Problem description: The material below holds the lines to copy: from the one with "Recipe photo for" up to and including the one with "Ghosts on earthbread:Prologue". Copy them exactly and skip the pictures.

Material for this task:
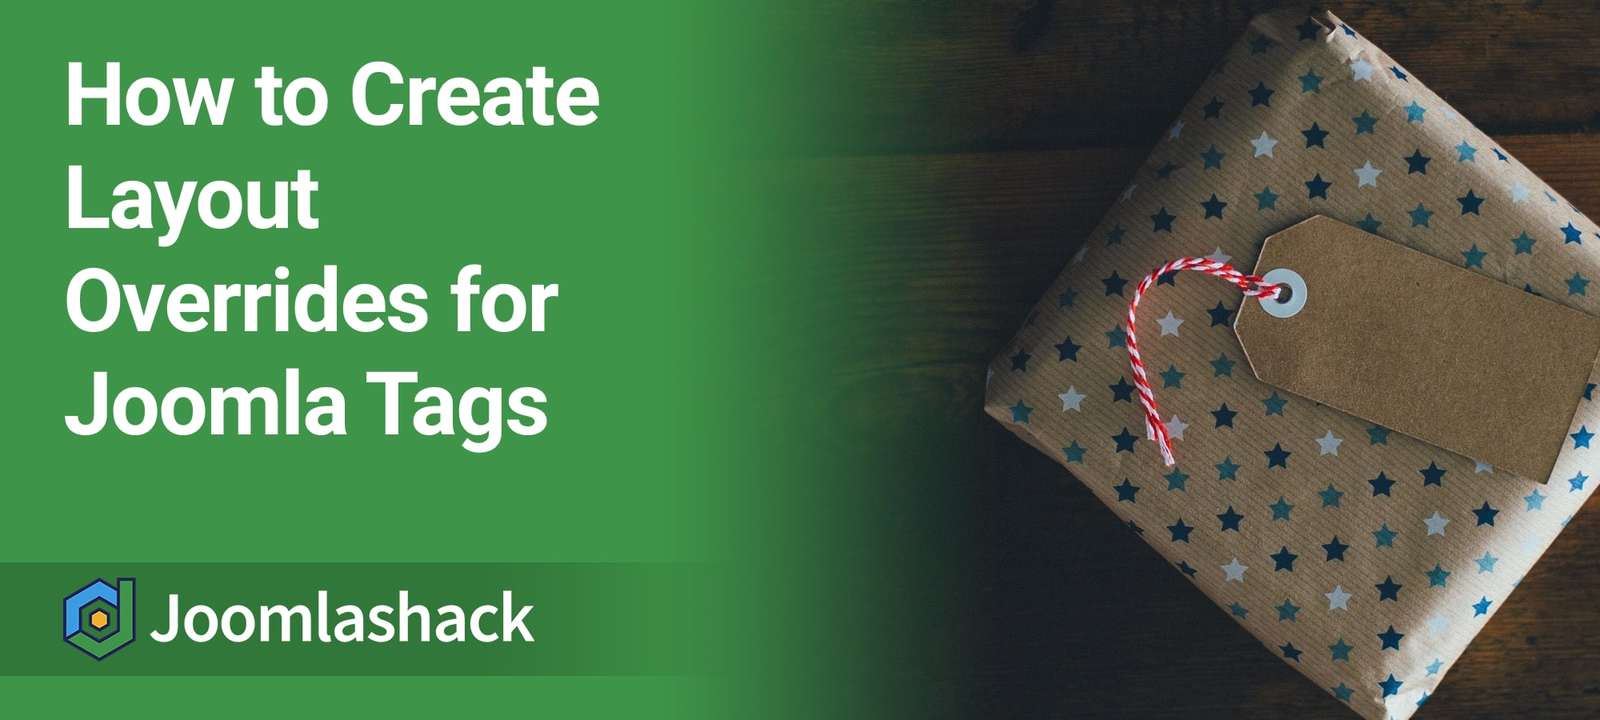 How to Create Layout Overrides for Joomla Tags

...

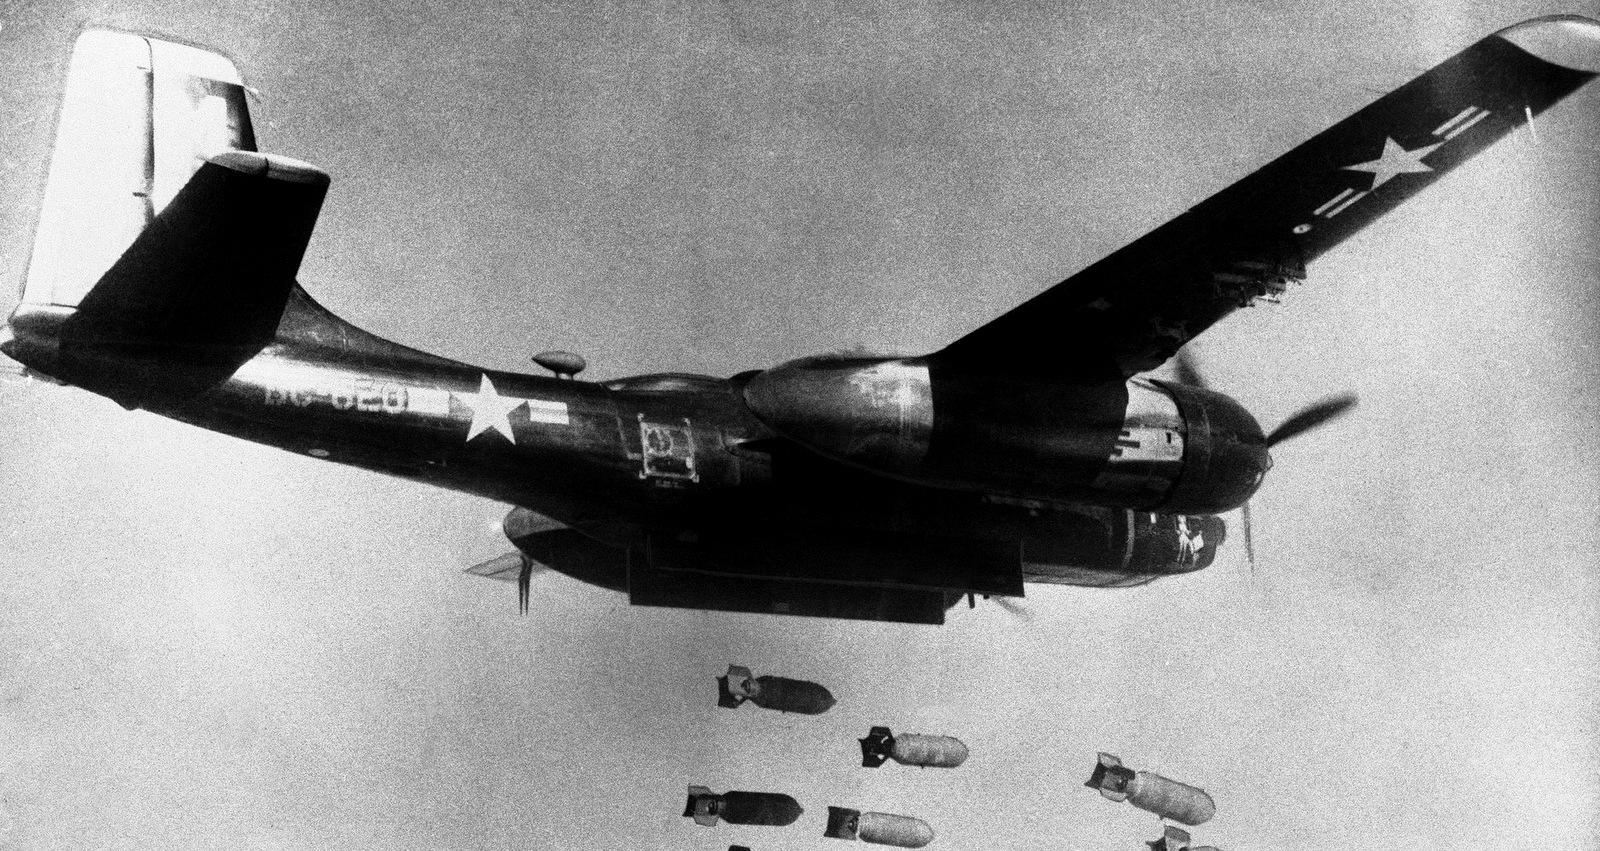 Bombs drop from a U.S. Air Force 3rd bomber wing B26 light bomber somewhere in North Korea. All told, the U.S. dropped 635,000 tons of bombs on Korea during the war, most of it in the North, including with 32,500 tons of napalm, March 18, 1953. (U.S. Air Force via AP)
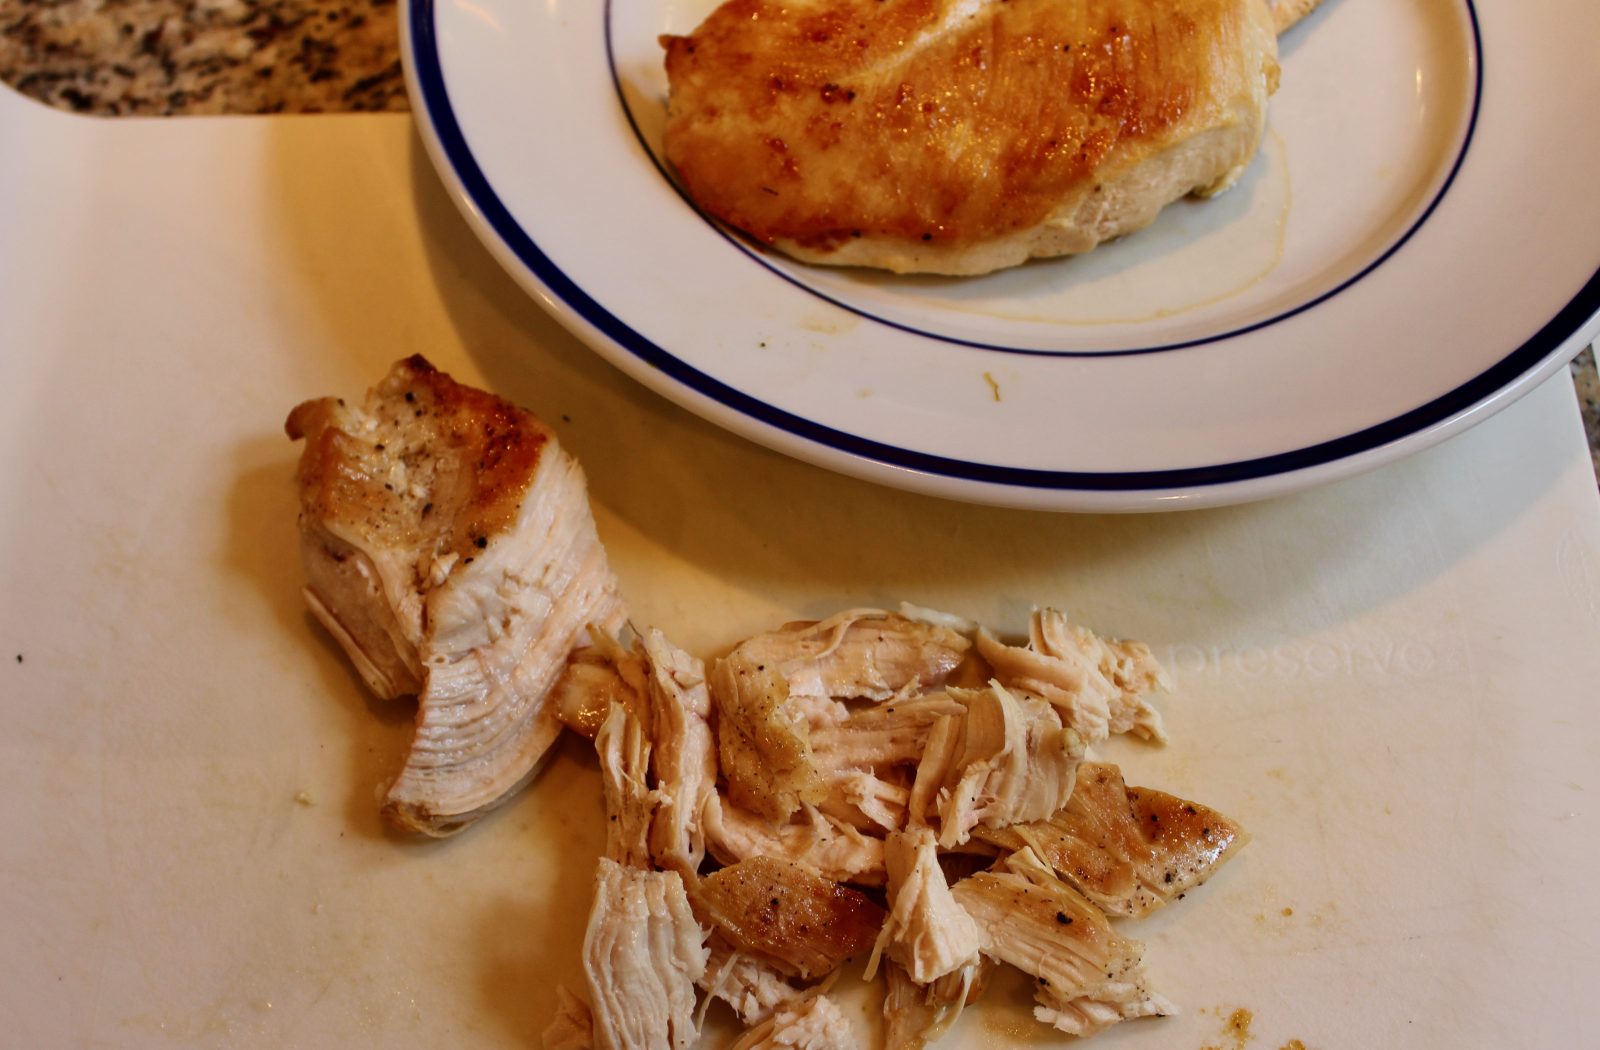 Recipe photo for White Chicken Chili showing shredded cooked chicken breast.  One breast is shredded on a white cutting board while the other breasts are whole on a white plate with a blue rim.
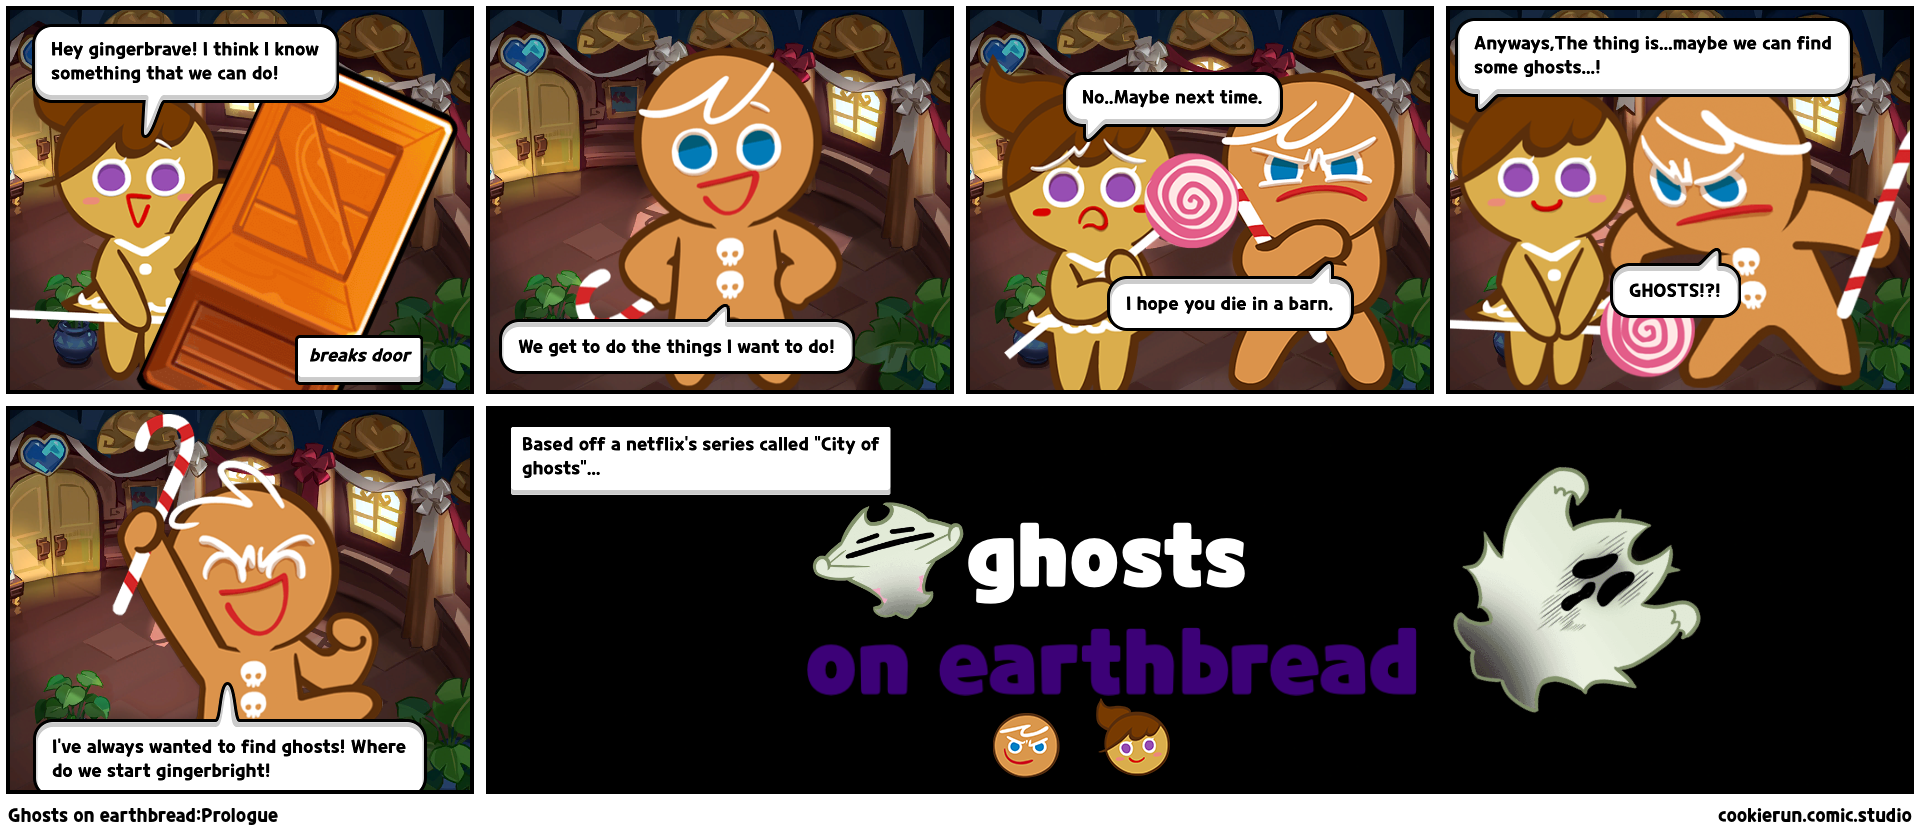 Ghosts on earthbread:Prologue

--

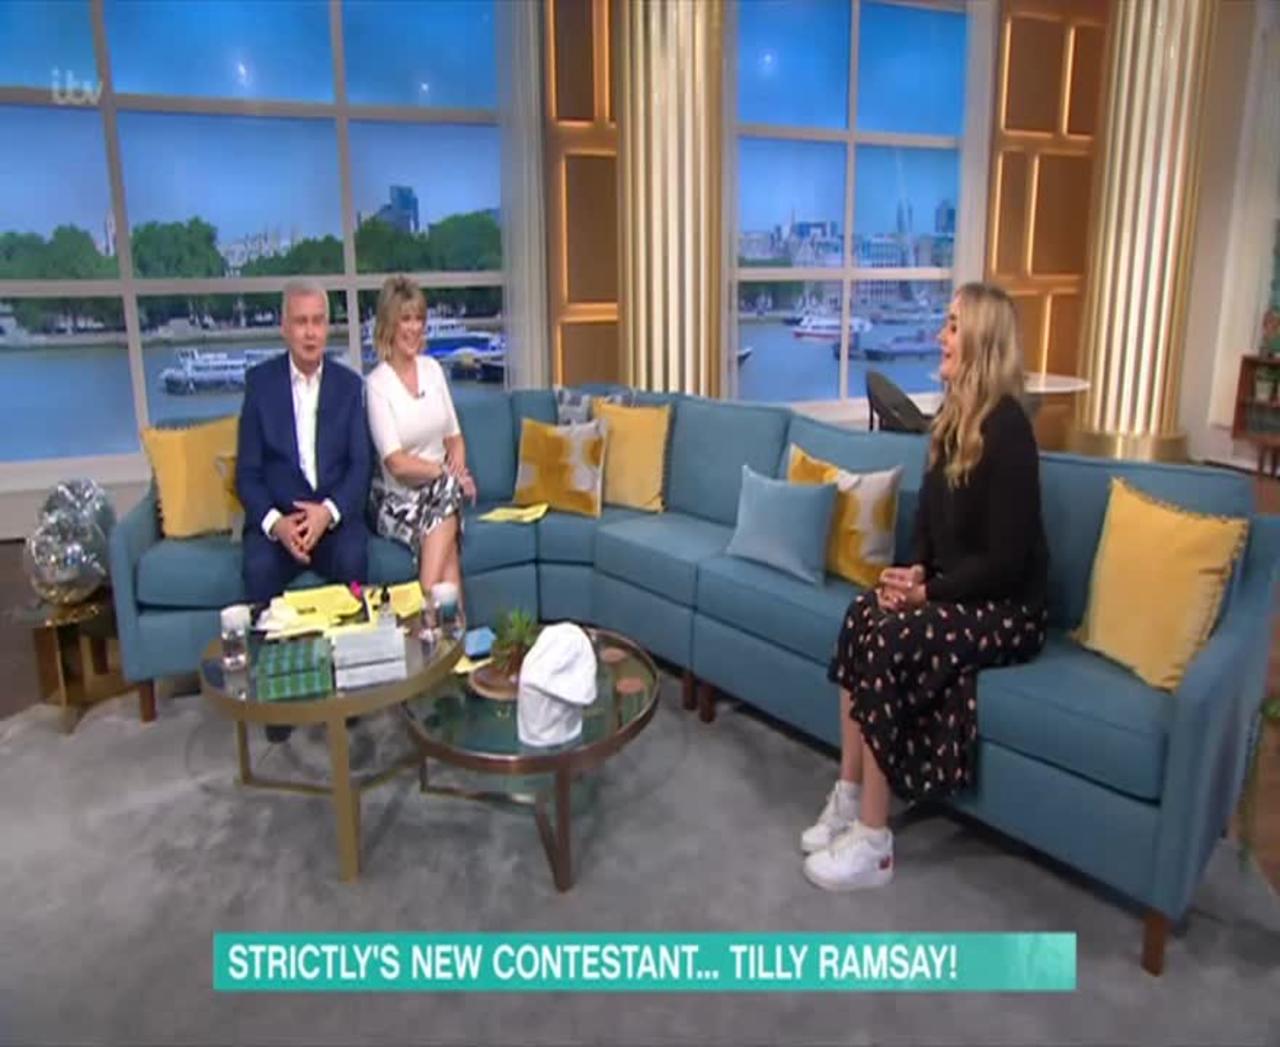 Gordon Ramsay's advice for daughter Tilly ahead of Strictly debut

Solved problem:
 Recipe photo for White Chicken Chili showing shredded cooked chicken breast.  One breast is shredded on a white cutting board while the other breasts are whole on a white plate with a blue rim.
 Ghosts on earthbread:Prologue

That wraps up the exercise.